The 5-tier Spetzler-Martin scale, the 3-tier Spetzler-Ponce scale, and the Pollock-Flickinger radiosurgery-based scale all showed a high level of agreement. The improved reliability on reassessment was explained by a training effect from the initial assessment and the requirement to defend the rating, which outlines a potential downside for grades determined as part of routine clinical practice to be used for scientific purposes.
本研究旨在使用当前成像模式,在接近常规临床实践的环境中,检查经常使用的动静脉畸形(AVM)分级量表的观察者可靠性,包括 5 级 Spetzler-Martin 量表、3 级 Spetzler-Ponce 量表和 Pollock-Flickinger 基于放射外科的量表。
5 名经验丰富的评估者,包括 1 名血管神经外科医生、2 名神经放射科医生和 2 名高级神经外科住院医师,分别独立评估了 15 例 MRI 研究、15 例 CT 血管造影和 15 例数字减影血管造影的初始诊断。对每个成像模式的 5 次扫描进行了重复性评估,以测量内部评估者的可靠性。在初始评估 3 个月后,评估者重新评估了那些存在分歧的扫描。在第二次评估中,评估者被要求用评论和插图来证明他们的评级。采用多位评估者的广义 Kappa(κ)分析、Kendall 一致性系数(W)和组内相关系数(ICC)来确定评估者之间的可靠性。对于内部评估者可靠性分析,使用 Cohen's kappa(κ)、Kendall 相关系数(tau-b)和 ICC 来评估每位评估者的重复测量一致性。

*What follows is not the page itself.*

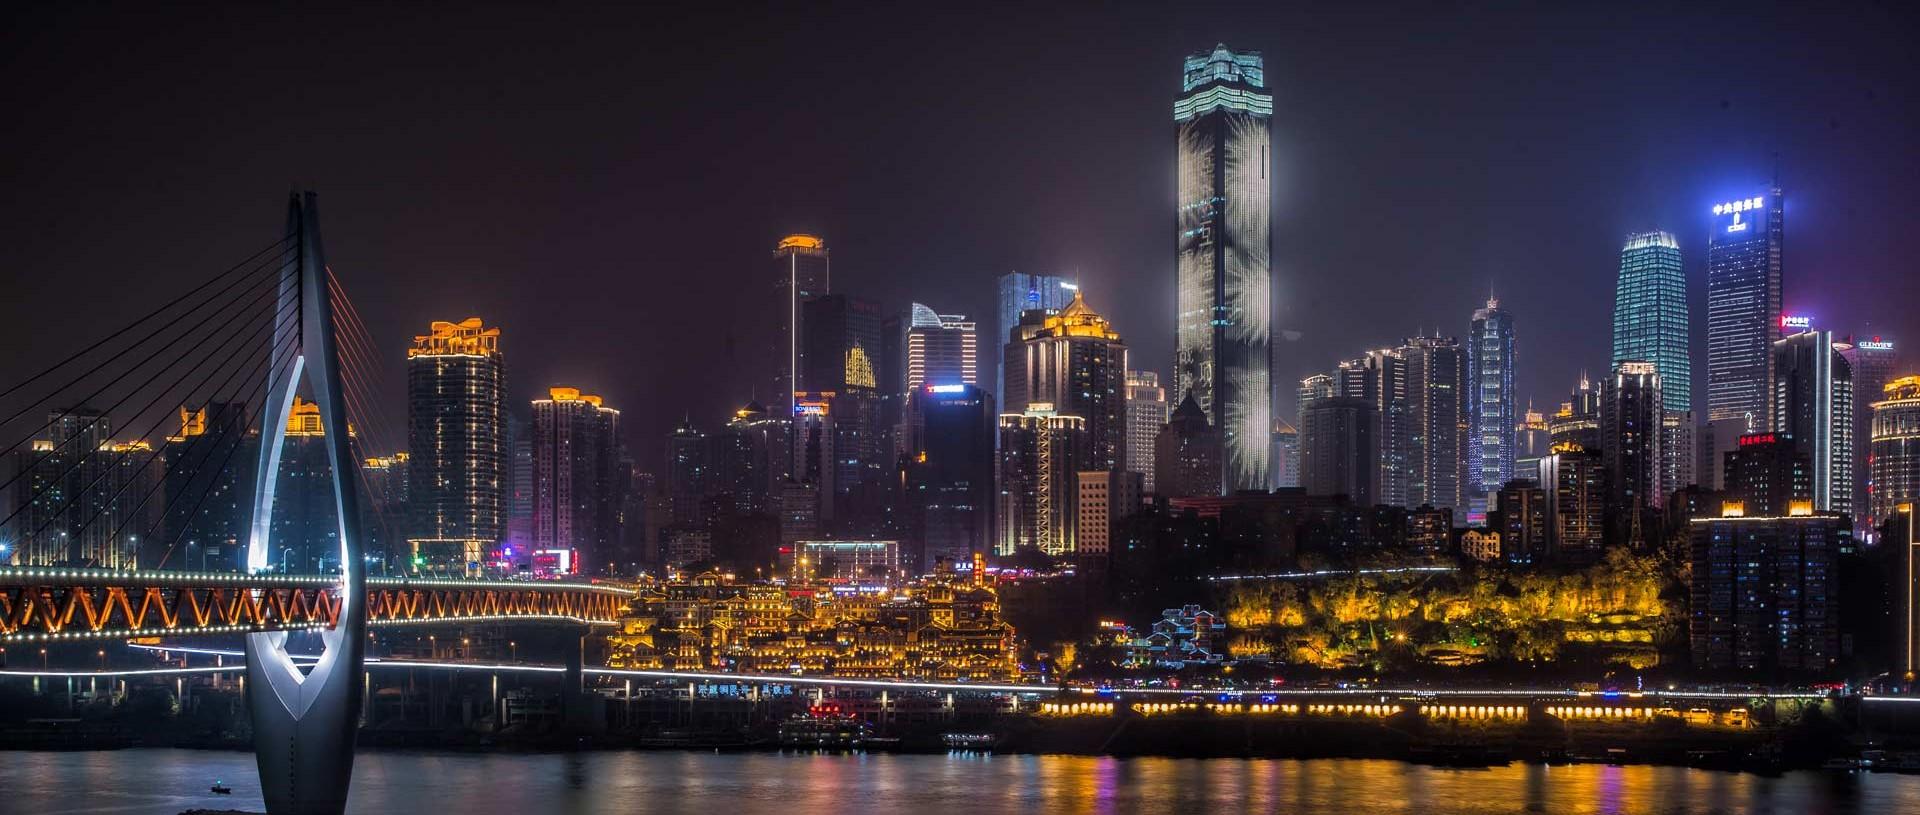 regent-chongqing-destination-mh-y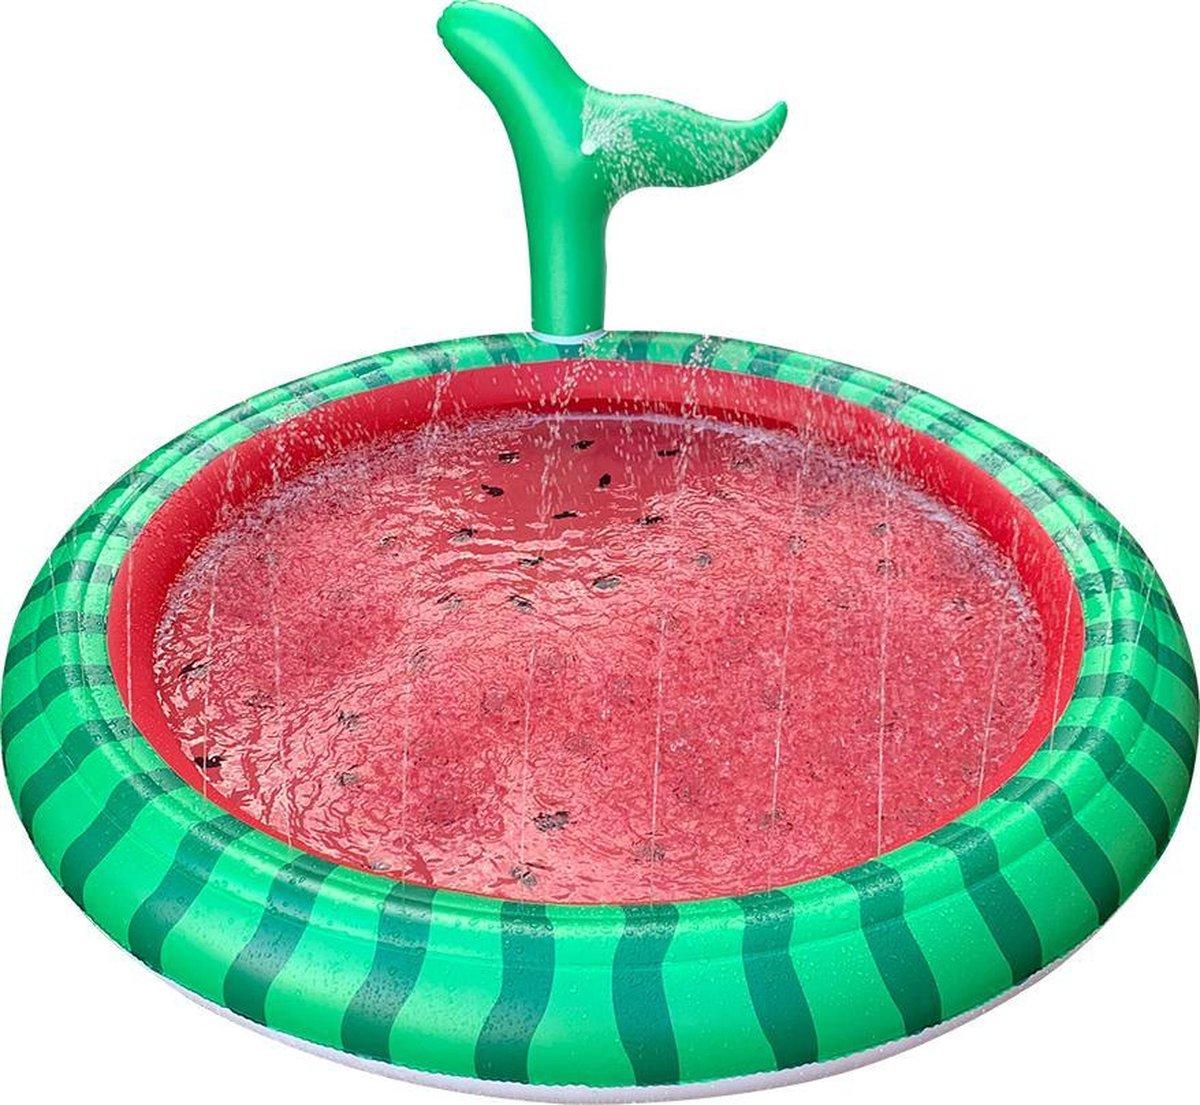 Watermat Watermeloen XL - Speelmat - 170 CM - Waterspeelgoed - Fontein

在初始评估时,整体 5 级 Spetzler-Martin 量表的评估者间可靠性为中等至良好(ICC=0.69)至极强(Kendall's W=0.73),在重新评估时有所提高。CT 血管造影的评估结果具有最高的一致性,其次是 MRI 和数字减影血管造影。整体 3 级 Spetzler-Ponce 分级的评估者间可靠性在初始评估时为中等至良好(ICC=0.68)至强(Kendall's W=0.70),在重新评估时有所提高,且与 5 级 Spetzler-Martin 量表的一致性相当。整体 Pollock-Flickinger 基于放射外科的分级的评估者间可靠性为极好(ICC=0.89)至极强(Kendall's W=0.81)。整体 5 级 Spetzler-Martin 分级的内部评估者可靠性在 5 名评估者中的 3 名中为极好(ICC>0.75),在另外 2 名中为中等至良好(ICC>0.40)。
5 级 Spetzler-Martin 量表、3 级 Spetzler-Ponce 量表和 Pollock-Flickinger 基于放射外科的量表均显示出高度的一致性。重新评估时可靠性的提高是由初始评估的培训效果和为评级辩护的要求解释的,这突出了作为常规临床实践一部分的用于科学目的的分级的潜在缺点。